For the 16th consecutive year, Alan Shawn Feinstein will divide $1 million among hunger fighting agencies nationwide using it to help them raise funds this March and April.
CareNet has been a beneficiary of a portion of these funds for the past several years due to the monetary and food donations from our generous community and supporters throughout Macon County.
The more donations made to CareNet - from March 1 to April 30 – the more Feinstein challenge money the agency will receive. Many agencies nationwide who have participated in past years have increased their donations two or three times their usual returns this time of the year.
Only donations or pledges received through April 30, from use of the Feinstein challenge, are counted. These donations can include cash, checks and food items (valued at $1.00 per item or pound) or pledges.
It is the intention of The Feinstein Foundation to proportionately divide $1,000,000 in grants among all charitable agencies complying with the guidelines.

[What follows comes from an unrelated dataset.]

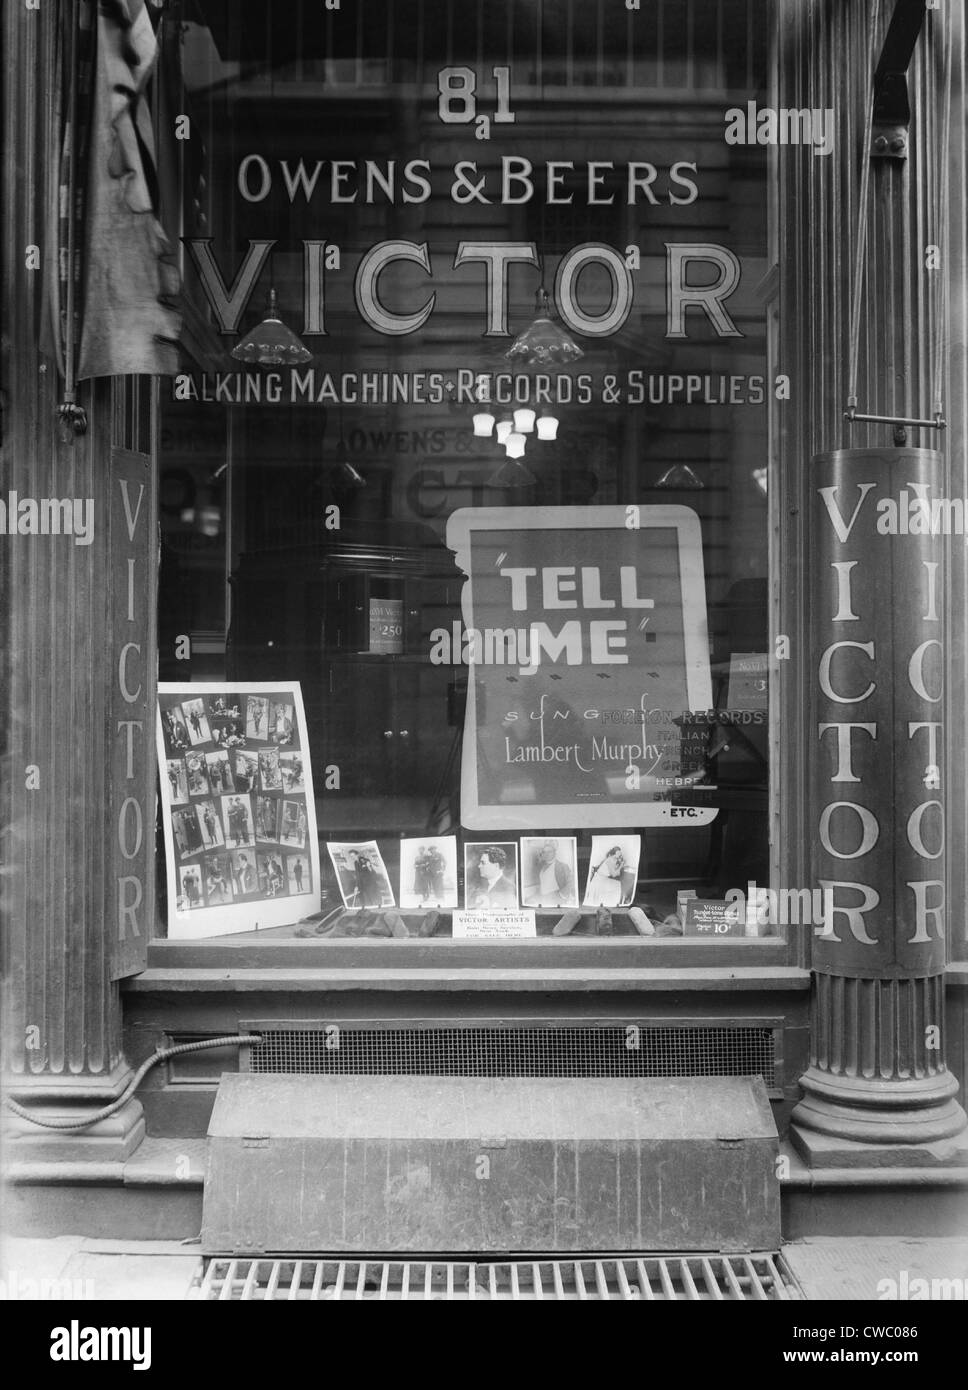 La finestra del Victor record shop in New York City, pubblicizzata "macchine parlanti, registrazioni e forniture", e visualizzate le foto Foto Stock

Typically the minimum amount a charitable organization will receive is a grant of $250 and the maximum is $35,000.
Feinstein’s past annual spring $1 million challenges to fight hunger raised over $1.5 billion for hunger-fighting agencies and houses of worship nationwide helping the needy. Agencies should tell their donors that their donation toward this campaign makes them partners in the most successful ongoing effort ever to fight hunger; that is something they can truly take pride in.
A full report of the results of this 2013 Challenge will be posted at www.feinsteinfoundation.org in July.

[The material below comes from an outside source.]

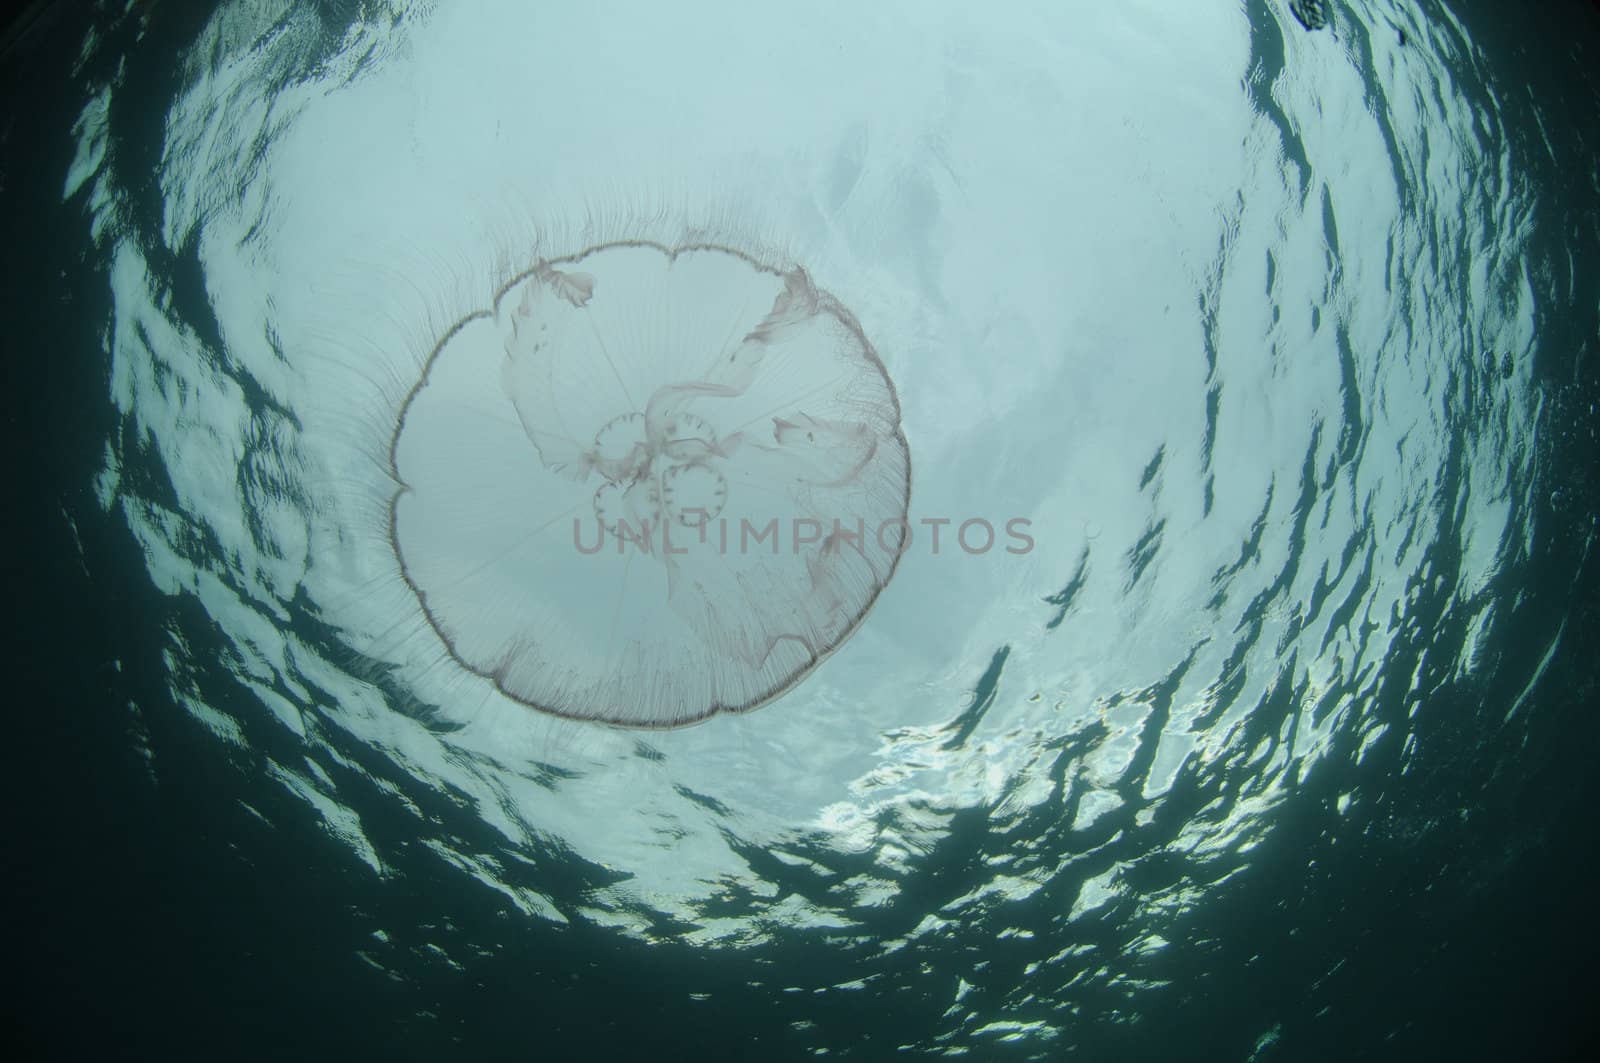 Jellyfish swimming underwater in ocean by ftlaudgirl

About Alan Shawn Feinstein
Alan Shawn Feinstein, founder of the Feinstein Foundation, is a nationally known philanthropist and humanitarian. He has made an indelible impact on American education and public service that has spread throughout the country.
Since 1996, he has dedicated his full time to philanthropic endeavors, focusing on the advancement of public service and the alleviation of hunger. He founded the World Hunger Program at Brown University, the first university center to study and try to end the causes of hunger, launched the World Hunger Brigade, a program which encourages middle school students to study hunger and design programs to fight it, the Feinstein International Famine Center at Tufts University which carries out projects designed to help reduce hunger in countries around the world, and the Center for a Hunger Free America at the University of Rhode Island.